# Would it be a good idea to shake carboy



## Sammyk (Apr 18, 2012)

I racked my SP 6 days ago because the SG stayed at 1.020 for 4 days. I am wondering about removing the air locks from the carboys and giving them a good shaking. Good idea?


----------



## DoctorCAD (Apr 18, 2012)

Stirring to introduce some oxygen to the yeast (they do need to breathe) might help, but shaking might not be the best way.


----------



## Arne (Apr 18, 2012)

Sammy, do you have the temp. up, should get it to 75 or so, you can rack it again and splash rack if you think you need more oxygen. Also can maybe try a little yeast energizer. Last resort, make a new yeast starter and restart it. It mite need a little more nutrient also. Arne.


----------



## Sammyk (Apr 18, 2012)

It has been quite warm here in the 80's and the carboys are in the kitchen.

I just tested the SG and it is at 1.010, lots of gas bubbles. It was still bubbling about once or twice a minute before I stirred it with a wooden spoon handle.

I guess I will leave it alone with the airlocks on and check again in a week.


----------



## winemaker_3352 (Apr 18, 2012)

Might have racked a bit early. I like to rack when SG is about 1.005.

Let the yeast do its work - when you rack early - you leave behind some yeast.

Temp sounds ok - i wouldn't shake the carboy - don't want to crack it - i would just give it a good stir - get the yeast mixed up in the wine and give it some O2.

If that doesn't work you might want to consider getting a starter going for a stuck fermentation.


----------



## Sammyk (Apr 18, 2012)

It was racked early because it was stuck at 1.020 for 4 full day in the primary pail. Now there is light foam on the top of each carboy and I can see tiny bubbles rising with a flashlight.

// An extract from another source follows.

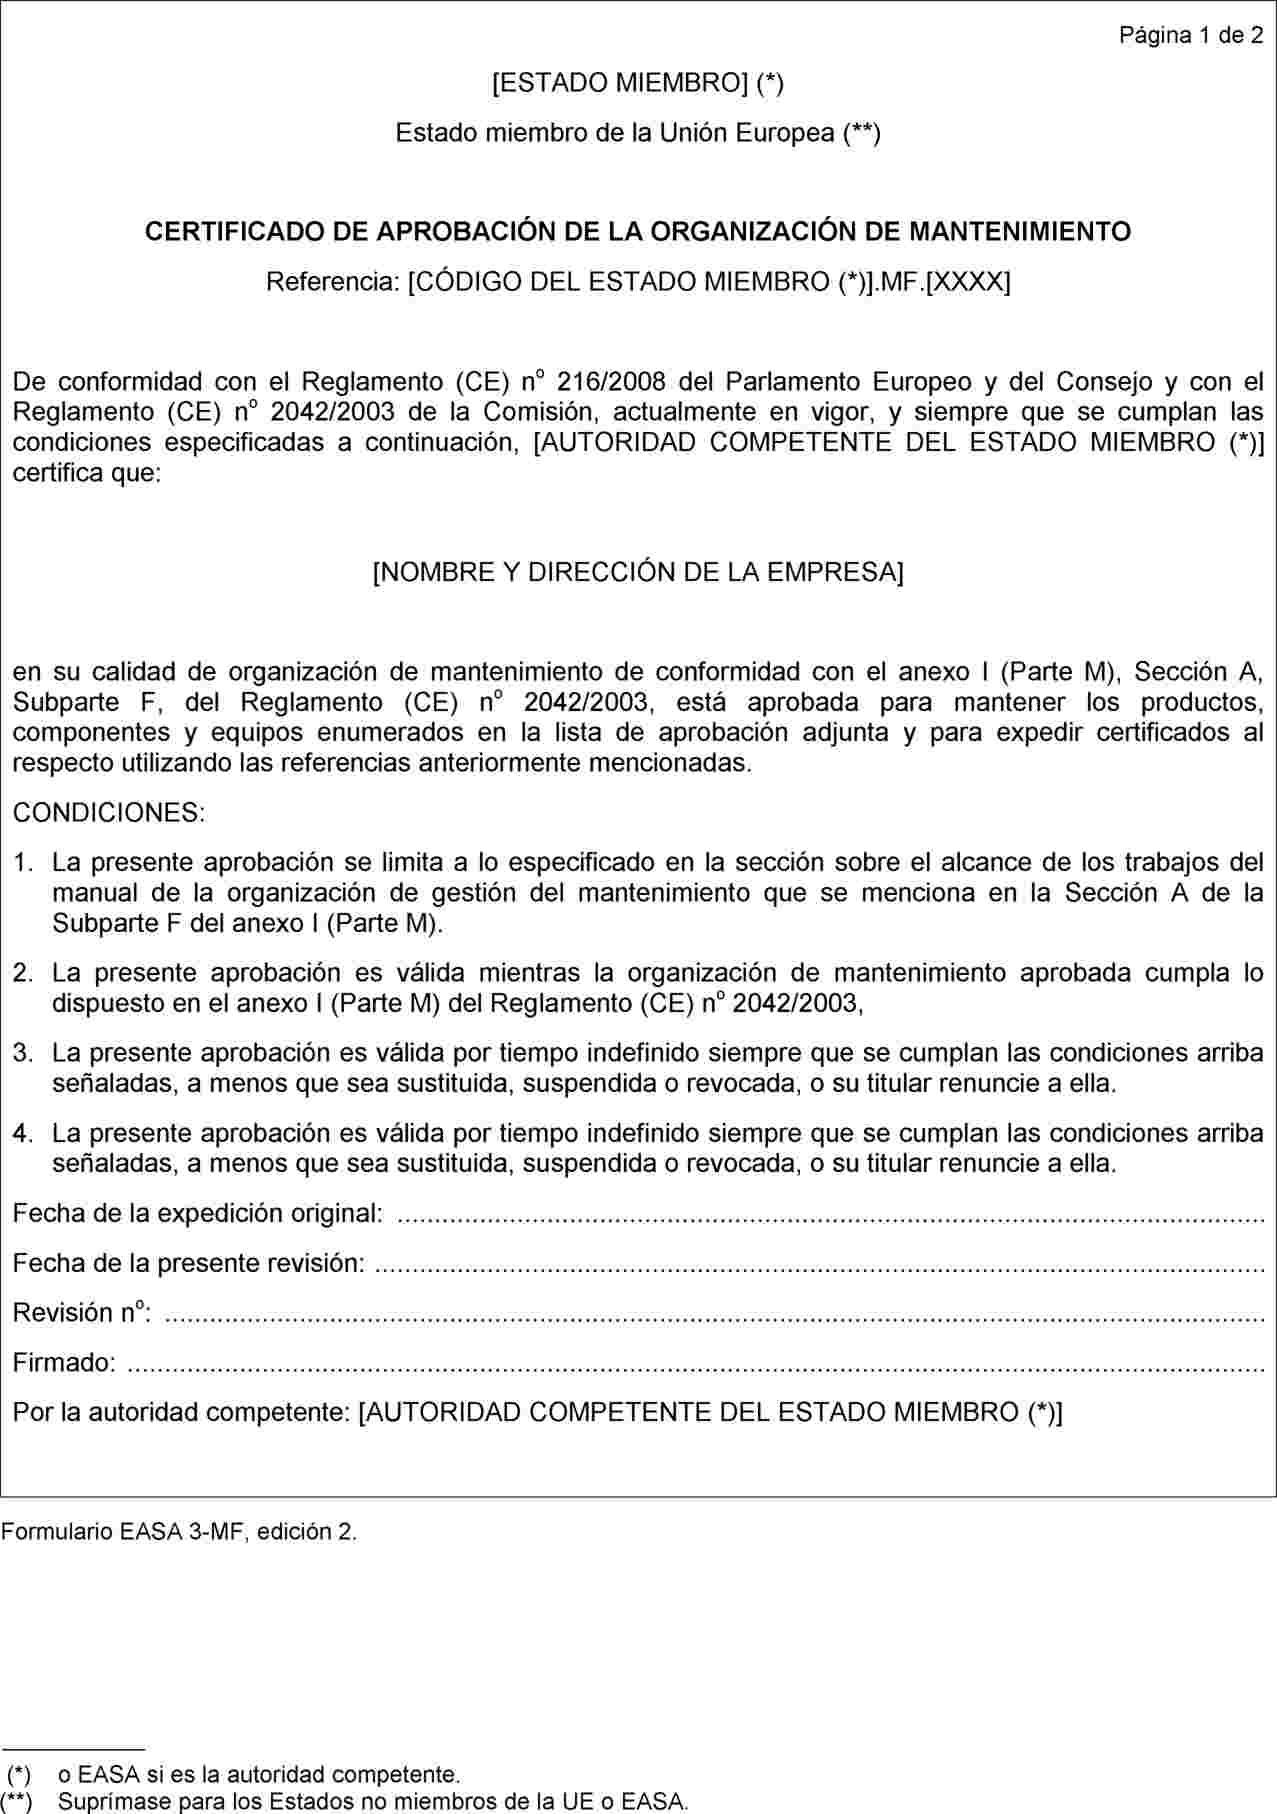 Imagen: https://eur-lex.europa.eu/resource.html?uri=uriserv:OJ.L_.2014.362.01.0001.01.SPA.xhtml.L_2014362ES.01005802.tif.jpg
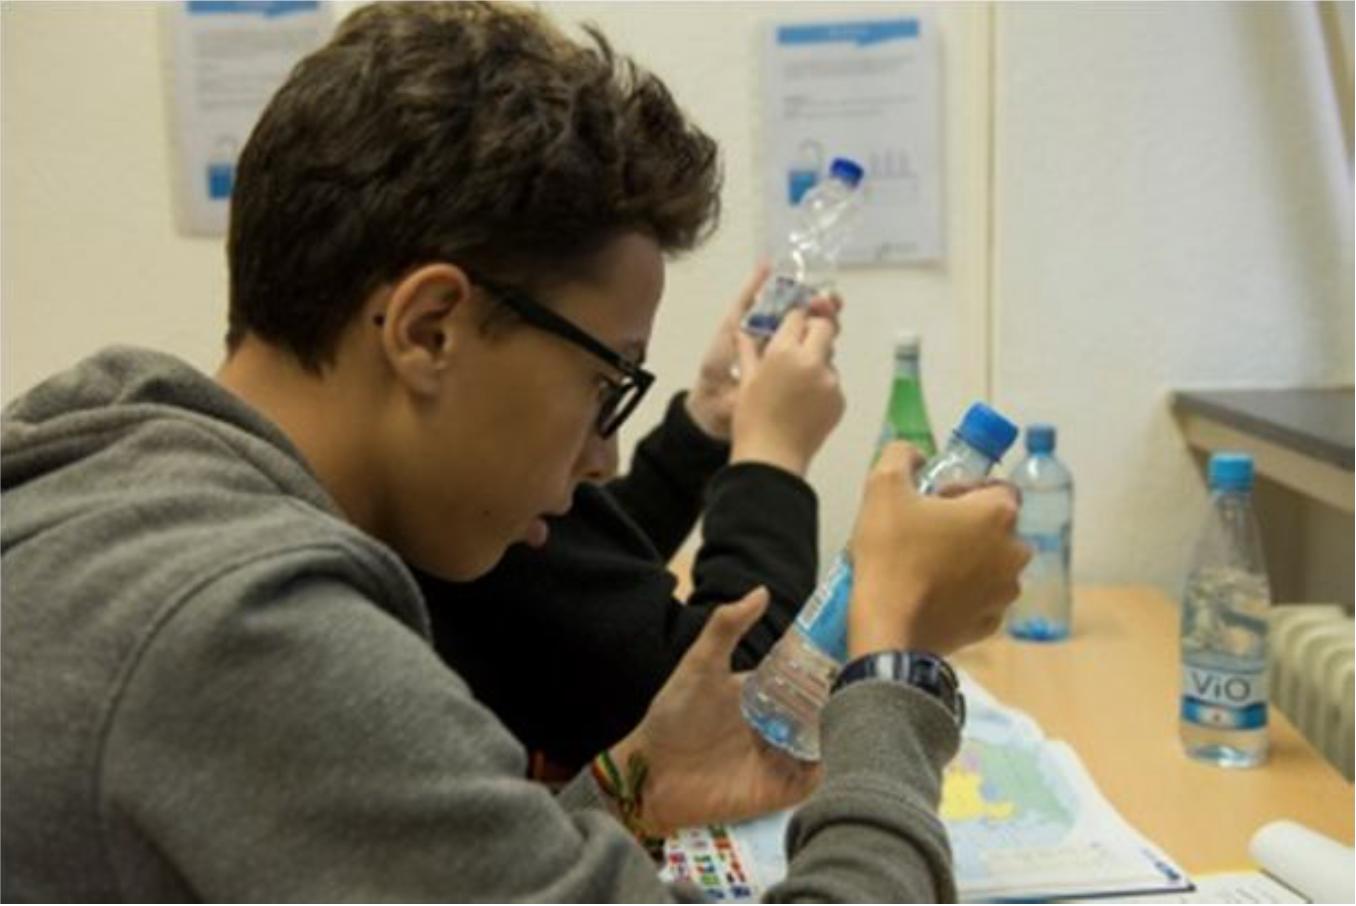 Enthuellt Klimagourmet Lernwerkstatt

I tried searching and search is a mess now. I could rack back to a pail tomorrow (can't do it today) and make a starter but a Google search said that more yeast could leave a yeast taste. I did use energizer and nutrient when it was at 1.050 as per Lon's directions.


----------



## winemaker_3352 (Apr 18, 2012)

If the SG is dropping again - I wouldn't worry about it.

When it is in the primary - make sure you give it 2-3 good stirs a day - get the O2 mixed in.

What might have happened is when you racked - you stirred up the yeast and introduced enough O2 to wake them back up...


----------



## Sammyk (Apr 18, 2012)

I did keep stirring as it was racking to the carboys so there was hardly any sediment in the bottom of the pail.


----------



## Arne (Apr 18, 2012)

Sounds like it is finishing its ferment. Just leave it alone for a while, when you pass by, give the little carboy a pat on the head and before long you gonna have skeeter pee. LOL, Arne.


----------